Beginning at the first line of the data, print each line exactly, stopping after the line that contains "bildschirm sperren muster".
-- Opening Marker --
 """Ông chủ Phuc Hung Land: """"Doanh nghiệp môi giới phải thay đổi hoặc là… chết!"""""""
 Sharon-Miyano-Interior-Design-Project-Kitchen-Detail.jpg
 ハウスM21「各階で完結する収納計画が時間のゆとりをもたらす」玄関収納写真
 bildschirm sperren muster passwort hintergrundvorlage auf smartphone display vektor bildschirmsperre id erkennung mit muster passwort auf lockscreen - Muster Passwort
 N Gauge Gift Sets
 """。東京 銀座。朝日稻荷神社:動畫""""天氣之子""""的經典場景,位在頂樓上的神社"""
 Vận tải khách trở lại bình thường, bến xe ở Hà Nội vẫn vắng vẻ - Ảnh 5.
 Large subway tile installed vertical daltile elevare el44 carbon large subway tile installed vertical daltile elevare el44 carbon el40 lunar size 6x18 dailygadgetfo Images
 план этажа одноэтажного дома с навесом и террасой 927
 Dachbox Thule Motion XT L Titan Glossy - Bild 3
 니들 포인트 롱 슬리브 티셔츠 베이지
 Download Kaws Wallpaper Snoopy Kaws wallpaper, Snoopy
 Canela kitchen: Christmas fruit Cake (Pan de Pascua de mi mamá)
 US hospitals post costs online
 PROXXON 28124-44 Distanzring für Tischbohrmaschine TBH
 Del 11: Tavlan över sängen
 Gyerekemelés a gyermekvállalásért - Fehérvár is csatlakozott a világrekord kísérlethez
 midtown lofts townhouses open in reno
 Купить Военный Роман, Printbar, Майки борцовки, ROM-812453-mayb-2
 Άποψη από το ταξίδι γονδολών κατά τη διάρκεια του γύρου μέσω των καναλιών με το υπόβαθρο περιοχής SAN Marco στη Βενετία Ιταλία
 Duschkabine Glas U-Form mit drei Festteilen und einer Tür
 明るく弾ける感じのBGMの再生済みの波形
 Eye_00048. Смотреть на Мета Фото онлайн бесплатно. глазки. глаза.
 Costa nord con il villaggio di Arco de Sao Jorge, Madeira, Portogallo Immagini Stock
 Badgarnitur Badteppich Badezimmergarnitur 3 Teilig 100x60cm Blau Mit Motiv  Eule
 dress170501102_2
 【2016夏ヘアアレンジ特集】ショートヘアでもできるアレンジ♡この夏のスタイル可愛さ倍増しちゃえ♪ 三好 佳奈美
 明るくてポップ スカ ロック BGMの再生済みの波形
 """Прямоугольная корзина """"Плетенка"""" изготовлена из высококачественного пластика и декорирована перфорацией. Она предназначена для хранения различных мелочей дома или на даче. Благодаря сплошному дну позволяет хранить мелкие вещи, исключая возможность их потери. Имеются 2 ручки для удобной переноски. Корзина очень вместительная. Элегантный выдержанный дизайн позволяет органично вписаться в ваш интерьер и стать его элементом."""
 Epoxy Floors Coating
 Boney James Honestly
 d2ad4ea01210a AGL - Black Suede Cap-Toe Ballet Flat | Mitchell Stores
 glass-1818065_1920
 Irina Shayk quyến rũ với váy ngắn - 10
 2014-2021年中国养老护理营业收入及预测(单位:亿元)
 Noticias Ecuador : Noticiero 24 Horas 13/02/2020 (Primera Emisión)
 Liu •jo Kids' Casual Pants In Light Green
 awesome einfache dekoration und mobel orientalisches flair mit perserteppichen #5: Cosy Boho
-- Closing Marker --
▶ _Answer to this task_
 """Ông chủ Phuc Hung Land: """"Doanh nghiệp môi giới phải thay đổi hoặc là… chết!"""""""
 Sharon-Miyano-Interior-Design-Project-Kitchen-Detail.jpg
 ハウスM21「各階で完結する収納計画が時間のゆとりをもたらす」玄関収納写真
 bildschirm sperren muster passwort hintergrundvorlage auf smartphone display vektor bildschirmsperre id erkennung mit muster passwort auf lockscreen - Muster Passwort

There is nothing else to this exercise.